Und so kommt es, dass einige meiner Bilder in den nächsten Tagen an verschiedenen Stellen auftauchen werden: beginnend mit der Titelseite von Islands größter Tageszeitung.


Damit wusste Island, dass ich vor Ort gewesen war - und begannen die Anfeindungen.

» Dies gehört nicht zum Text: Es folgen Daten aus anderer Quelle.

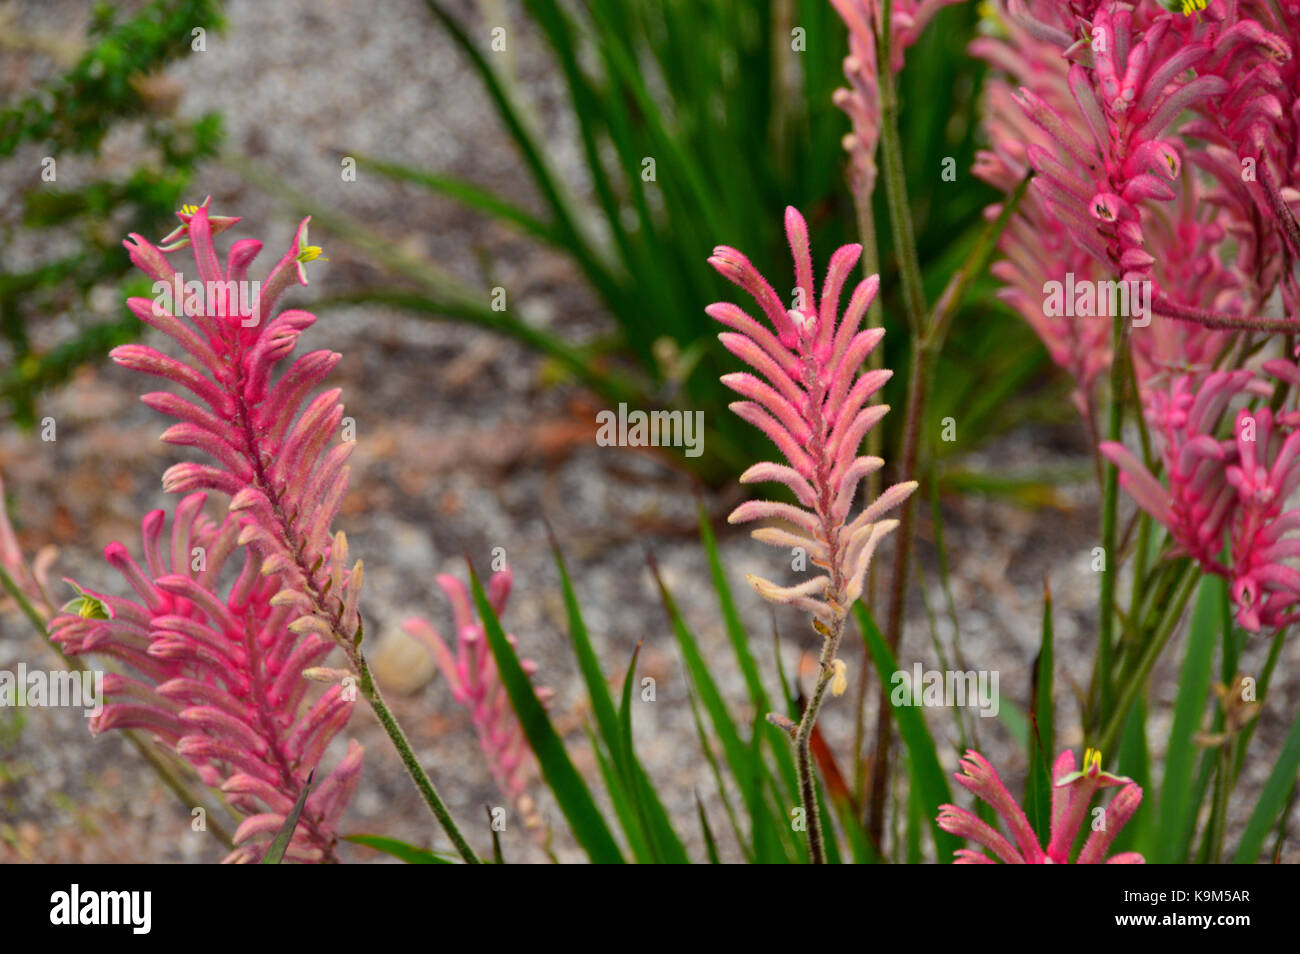 The Pink Kangaroo Paw Flowers (Anigozanthos Rufus) 'Bush Pearl' from Australia grown at the Eden Project, Cornwall, England, UK. Stock Photo

Nach über einem Monat Reiseverbot ist der Frust bei vielen Isländern unerträglich geworden: mein Bild brachte das Fass für einige zum Überkochen. 
Ich kann es nachvollziehen, denn auch ich finde diese ganze Situation unfair. Allerdings finde ich es nicht korrekt, dass diese Leute jetzt ausgerechnet mich anfeinden, von all den Hunderten, die schon vor Ort waren. Außerdem gehe ich davon aus, dass sie jederzeit mit mir tauschen würden, um dann das gleiche zu tun, weswegen sie mich verdammen.

Mich berührt das Ganze aber nur wenig: ich sehe es als Kritik am System. Um nicht noch mehr Öl ins Feuer zu gießen, habe ich jetzt vorsichtshalber die beiden Blogeinträge vom Netz genommen und will einfach ein paar Tage warten, bis sich die Gemüter beruhigen. Ich kann an der Situation nichts ändern: ich bin lediglich umso dankbarer, dass ich den Ausbruch erleben durfte. Ganz offiziell - ob es einigen nun passt, oder nicht.

Von daher: in ein bis zwei Wochen gibt es die Bilder hier zu sehen. Bis dahin wünsche ich euch eine gute Zeit - auf bald!